As is to be expected from a sim game, the story is more like a series of inferences than a plot. When you first start the game, you’re thrust into a tutorial that guides you through the basics of racing, buying your first car, and how to progress to higher-tier races. As you make your way through career mode, you’ll start having to prove yourself through licensing qualifiers in order to drive amongst more interesting and faster cars. The game never tells you that you’re an amateur driver trying to make a name for yourself or that you’re an experienced driver who was exiled and must rise through the ranks once more; instead implying that you’re just another driver steadily gaining experience to race in more competitive settings. The biggest clue you’re ever given is your avatar wearing a racing suit and a helmet, which isn’t really indicative of much apart from suggesting that you’re a bit pro.
GT is a game of self-improvement, passion for racing, and professionalism over outright competition. There are seasonal events that update monthly, and online leaderboards exist, but nothing exists to create a story. You’re never presented with an in-game rival or external motivation for making your way forward, relying more on your inner drive (pun totally intended) to keep you interested in trying new cars and overcoming challenges. The progression is quite swift too, enabling you to start driving super cars such as the Ferrari 458 Italias within an hour or two of playing, but it still might feel like a superfluous grind if all you wanted was a sandbox to test cars in.
While players are essentially free to do whatever they want after the initial tutorial, the beginning of the game is very railroading. The first car you buy is chosen for you, you make little to no money for each race, and the multiplayer is locked until you qualify for the third tier of career mode. It’s not a game breaking flaw, and it certainly helps newbies to get a grasp on how to properly handle a vehicle, but given that many people who play Gran Turismo 6 (myself included) have already played Gran Turismo 5, and the cars still handle like cars, it can feel stifling to be forced to learn how to drive again all over again. However, with that being said, once you get into the higher tier races, you’ll start earning more than enough money to afford any car you could possibly want.

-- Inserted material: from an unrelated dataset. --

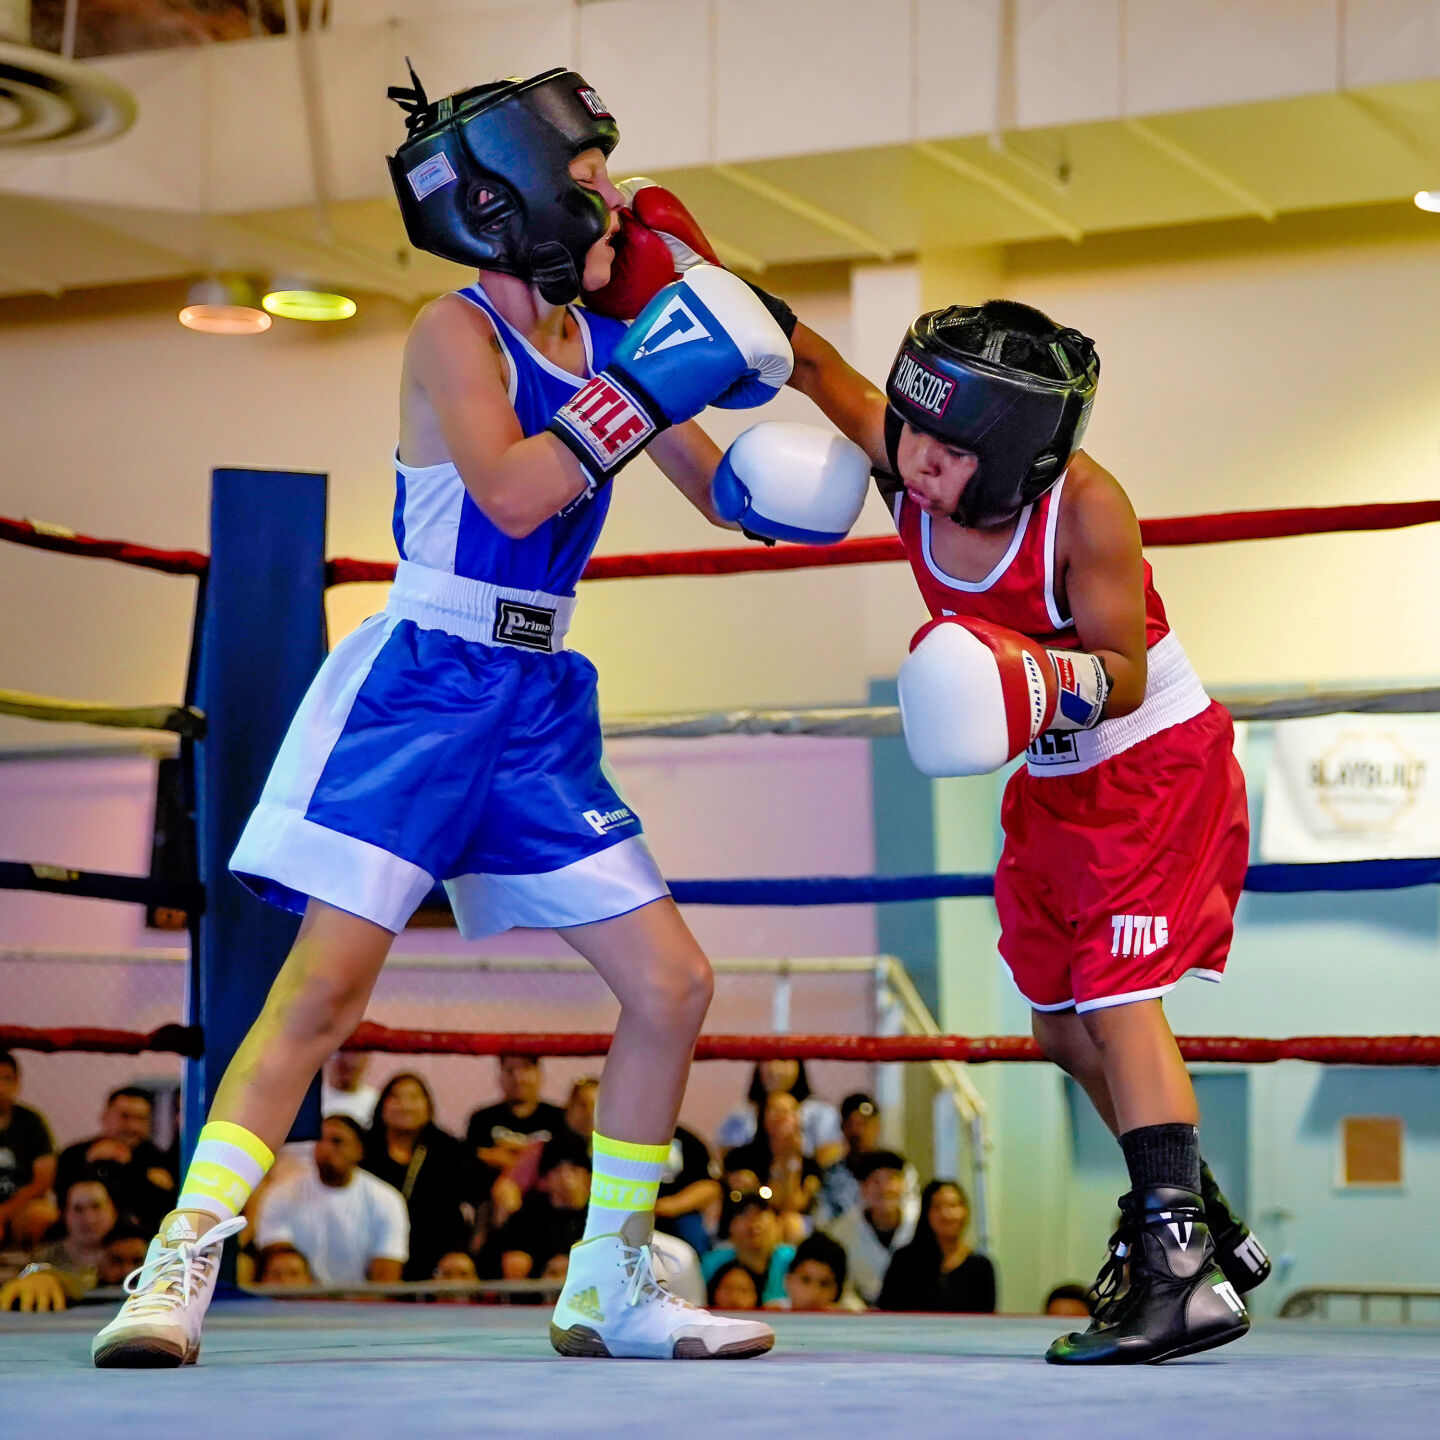 Napa Valley Youth Boxing Al Amanecer, Napa SAL fighters put on show

While many improvements have been made since it’s predecessor, Gran Turismo 6 still has a lot of strange issues that plague the experience. The most significant changes lie in the updated menu system, removing excessive loading screens and tedious lists from previous GT titles, streamlining everything from car selection to lobby creation into grids for maximum convenience; well, most of the time. Most menus will be presented in grid form, allowing you to skip past a significant number of options with L1 and R1, but other menus will still give you a list that you have to scroll through one item at a time (including browsing all the cars in your garage). Similarly, you’re forced to start watching a replay after every race in career mode, which gets annoying very quickly. The post-race menu from Gran Turismo 5 has remained unchanged (meaning you’ll have to scroll past about 5 options before you can exit), and you still have to turn traction control off for individual cars when you race with them. They might only be a few minor annoyances, but they add up and disrupt the flow enough to be noticeably frustrating.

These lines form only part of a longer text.